> **Your goal**: All that should come back is the lines of the data below from the one containing "Linda Darnell as" to the one containing "Cultural appropriation and", inclusive, exactly as they stand.

> **Record set**:
━━━━━━━━━━

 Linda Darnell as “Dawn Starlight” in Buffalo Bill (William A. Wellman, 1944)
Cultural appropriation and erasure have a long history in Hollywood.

━━━━━━━━━━

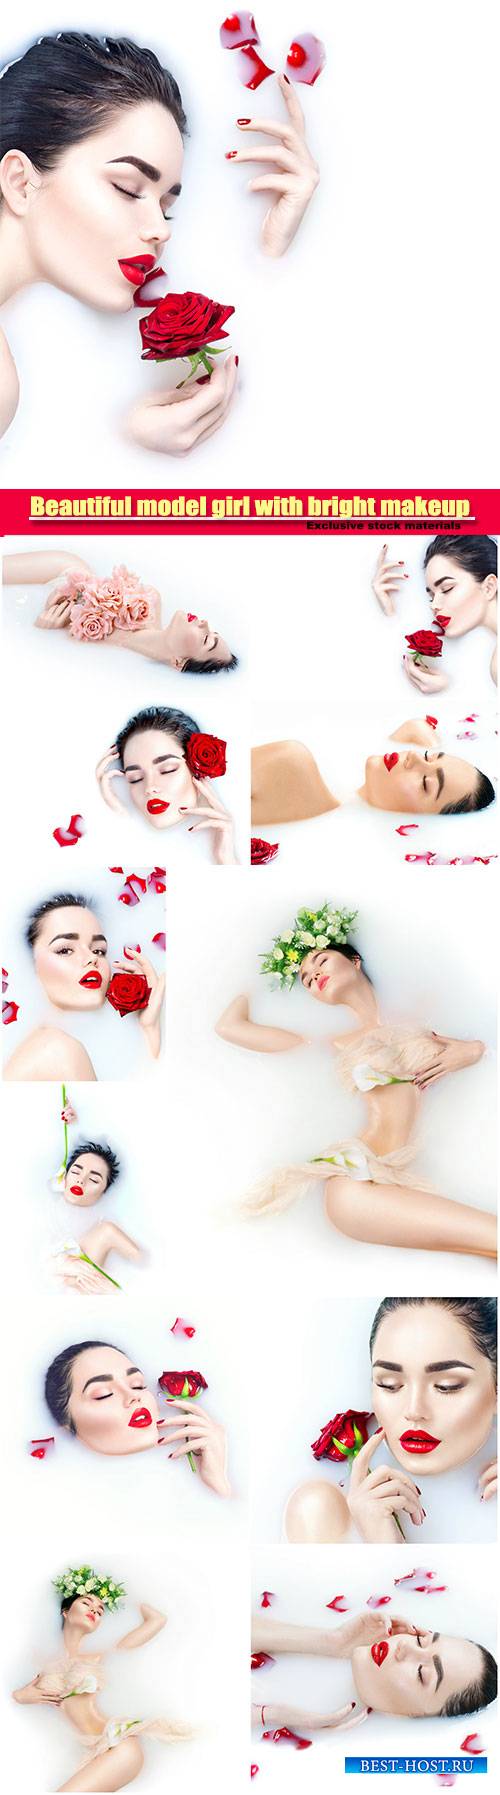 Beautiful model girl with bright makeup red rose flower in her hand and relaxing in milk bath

━━━━━━━━━━

> **Written answer**:
 Linda Darnell as “Dawn Starlight” in Buffalo Bill (William A. Wellman, 1944)
Cultural appropriation and erasure have a long history in Hollywood.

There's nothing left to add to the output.